Setelah selesai pembagian tersebut, maka berarti para ahli waris telah dianggap
pemilik barang-barang tersebut terhitung surut sejak meninggalnya pewaris.
PEMBATALAN
Ketentuan dari pasal 1071 BW ayat 2 ditentukan bahwa pembagian
harta peninggalan tersebut dapat batal jika tidak memenuhi ketentual pasal
1072 BW, sedangkan menurut pasal 1112 BW, pembagian tersebut dapat
dibatalkan jika :
Dilakukan dengan paksaan.
Adanya penipuan.
Apabila salah seorang atau lebih ahli waris ada yang dirugikan hingga
mencapai ¼ bagian yang diakibatkan oleh salah taksir.
Note :
Pembagian harta peninggalan tersebut dimungkinkan pula dilakukan
oleh si pewaris dalam suatu testamen atau dalam akta Notaris.
HARTA PENINGGALAN TAK
TERURUS

Seseorang yang meninggal dunia, sedang ia meninggalkan harta akan tetapi


tidak ada ahli warisnya ataupun semua ahli warisnya menolak atau dinyatakan tidak
patut, maka menurut pasal 1126 BW, Balai Harta Peninggalan (Weeskamer)-lah yang
berkewajiban untuk mengurusnya.
Tentang ada atau tidaknya harta peninggalan yang tak terurus ini adalah
menurut keputusan Hakim atas permintaan jaksa Penuntut Umum atau atas permintaan
orang yang berkepentingan.
Ketentuan dari pasal 1128 BW adalah bila Balai Harta Peninggalan
mulai mengurus, maka BHP akam melakukan penyegelan barang warisan dan
kemudian menginventariseer dan selanjutnya harus mengurusnya sebaik-
baiknya.
BHP berkewajiban, pula untuk melakukan pemanggilan terhadap
para ahli waris.
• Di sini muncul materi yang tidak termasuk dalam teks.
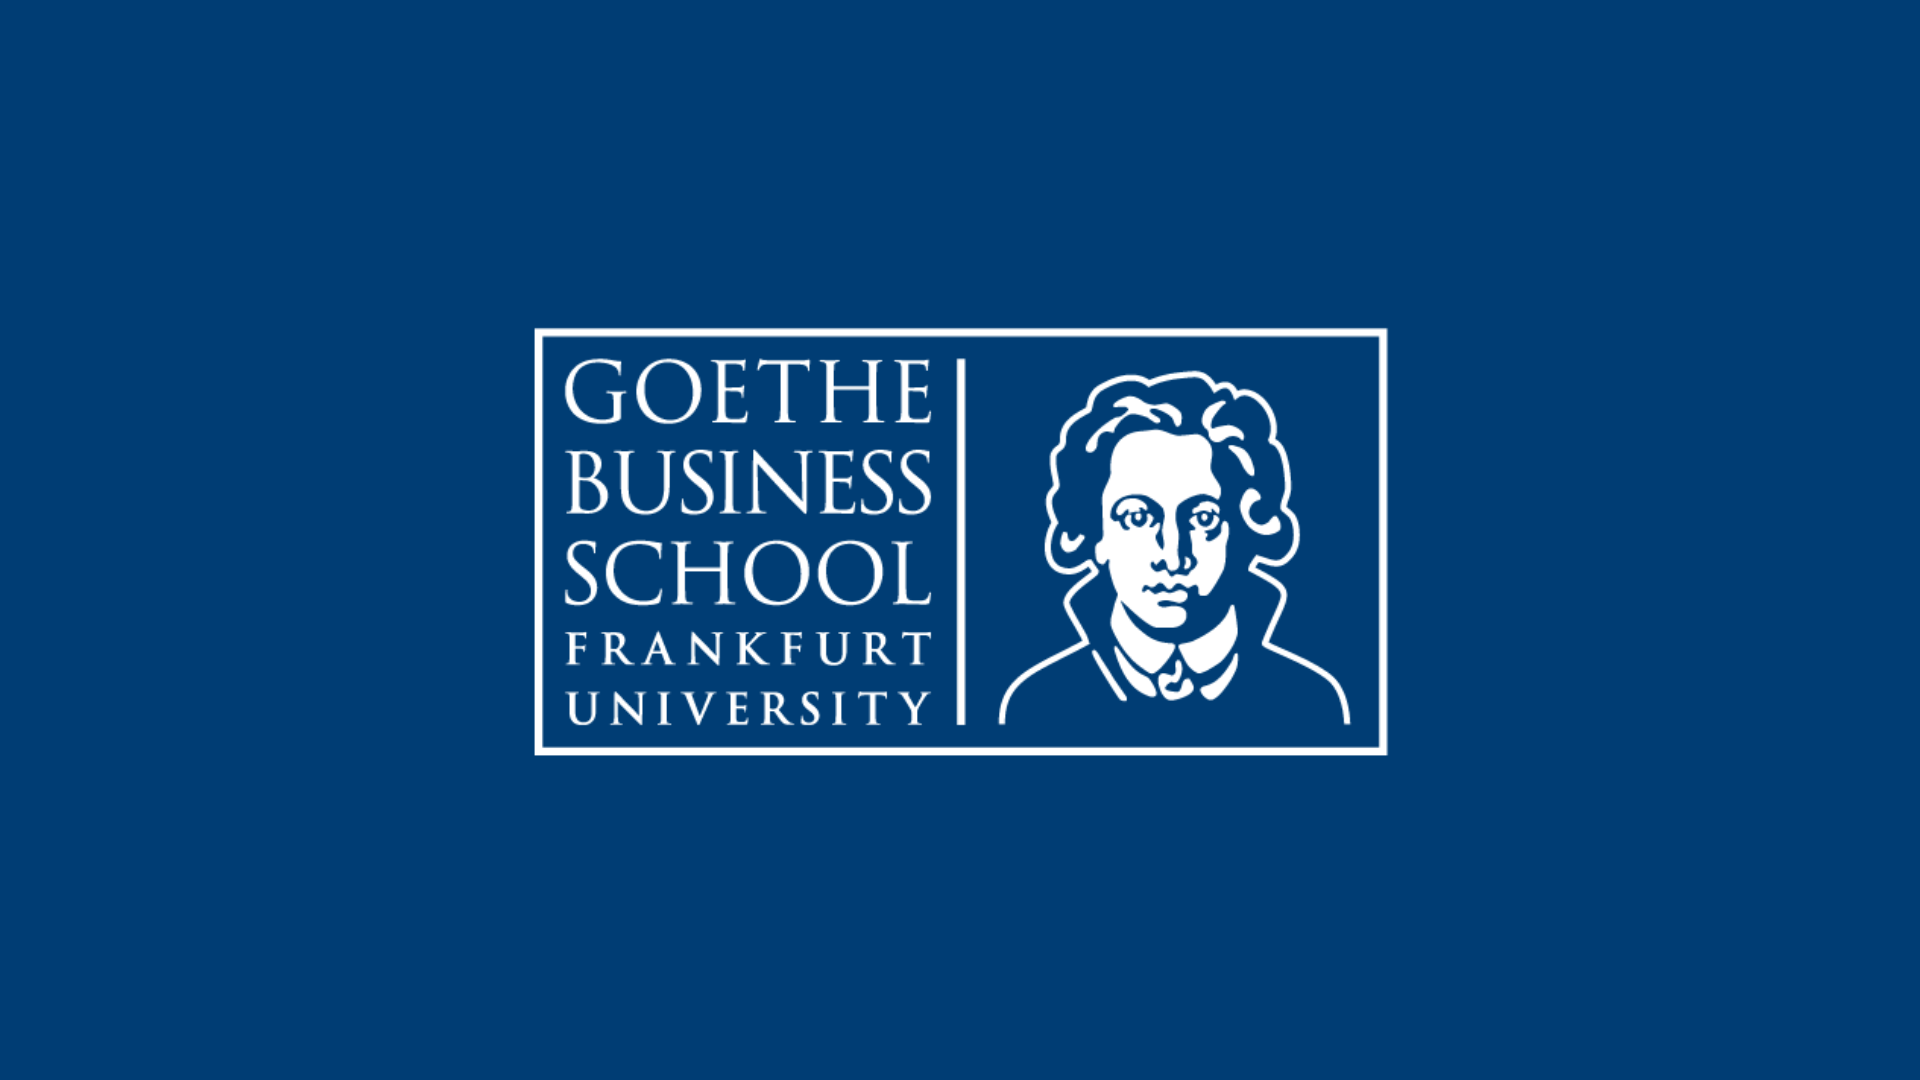 (c) Goethe-business-school.de

Dan jika terjadi gugatan terhadap harta peninggalan yang
diurusnya maka BHP berkewajiban untuk menghadap Hakim.
Jika tidak ada ahli waris maka BHP harus membuat pertangung-
jawaban kepada Negara, dimana selanjutnya Negaralah yang berhak atas
harta peninggalan tak terurus tersebut.